Guardrails is a strong reference candidate for the open-source library assimilation model described in #27:

  • It is an external OSS capability system, not an Ouroboros core primitive.
  • It has a clear domain: LLM input/output validation, risk detection, structured-output enforcement, and validator composition.
  • It has multiple execution surfaces: Python SDK, CLI, Hub validators, and optional server mode.
  • It requires careful boundary management around file reads/writes, network access, dependency installation, model downloads, and possible remote inference.
  • It can produce high-value downstream evidence for ooo auto, Seed validation, artifact review, eval loops, and agent run acceptance gates.

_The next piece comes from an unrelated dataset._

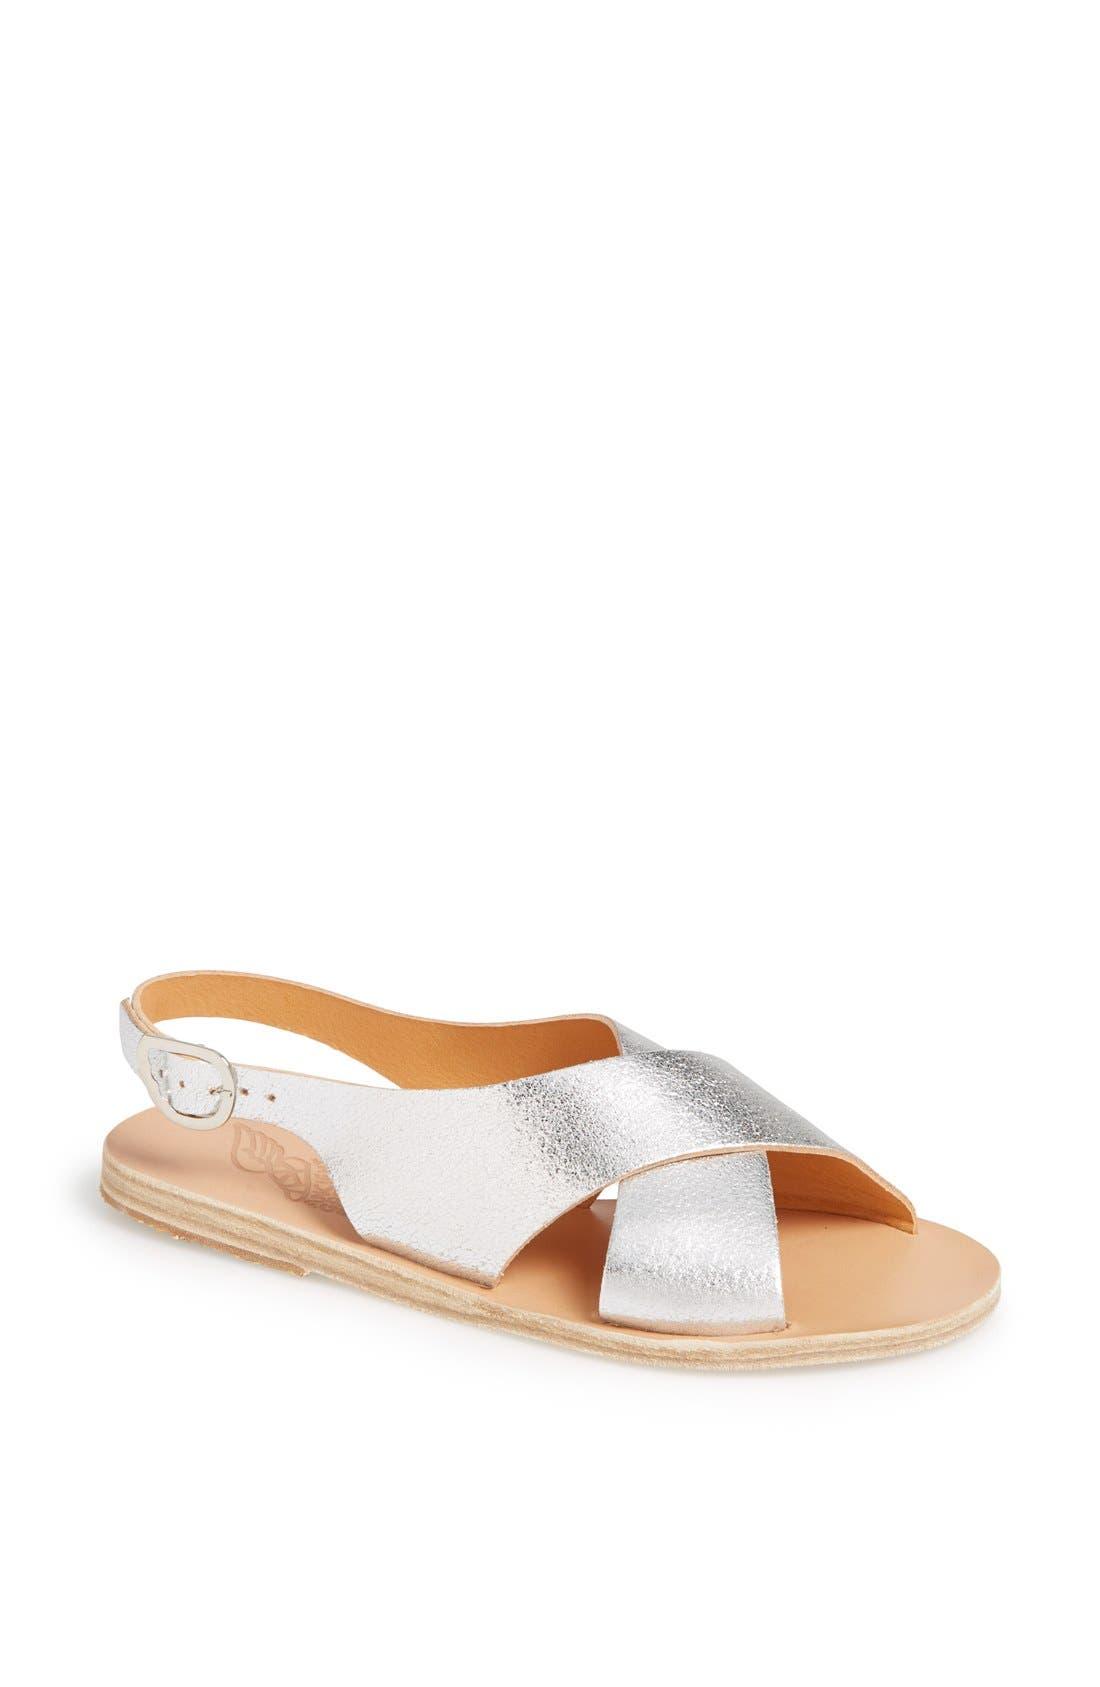 Main Image - Ancient Greek Sandals 'Maria' Leather Slingback Sandal

This should prove a reusable pattern for future validation/evaluation adapters such as Semgrep, CodeQL, pytest, Hypothesis, mutation testing, OpenAPI validators, and other external harnesses.

Core Thesis

Do not implement this as:

ooo guardrails raw -- <anything>

Implement it as:

Guardrails guard/spec/config
  + bounded artifact/input/output target
  + declared plugin command
  + declared permissions
  + Guardrails ValidationOutcome
  + normalized Ouroboros report
  + audit/provenance/state updates
  + handoff artifact

The plugin should preserve Guardrails semantics while making every invocation legible to Ouroboros.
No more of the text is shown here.